In the entries that follow, the first line to write out is the one containing "I Love You Sissy, Two-Tone Coffee Mugs, 15oz", and the last is the one containing "Barley, Hordeum vulgare, Poaceae, spikes, field, useful". Reproduce that stretch exactly, with nothing before or after it.

→ **Supplied data**:
========================

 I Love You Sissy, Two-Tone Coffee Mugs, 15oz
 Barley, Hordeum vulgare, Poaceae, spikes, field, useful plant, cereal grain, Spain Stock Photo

========================

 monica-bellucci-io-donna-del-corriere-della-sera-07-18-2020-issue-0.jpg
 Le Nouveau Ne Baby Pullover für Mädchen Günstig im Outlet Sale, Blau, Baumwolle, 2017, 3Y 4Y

========================

→ **Answer for this exercise**:
 I Love You Sissy, Two-Tone Coffee Mugs, 15oz
 Barley, Hordeum vulgare, Poaceae, spikes, field, useful plant, cereal grain, Spain Stock Photo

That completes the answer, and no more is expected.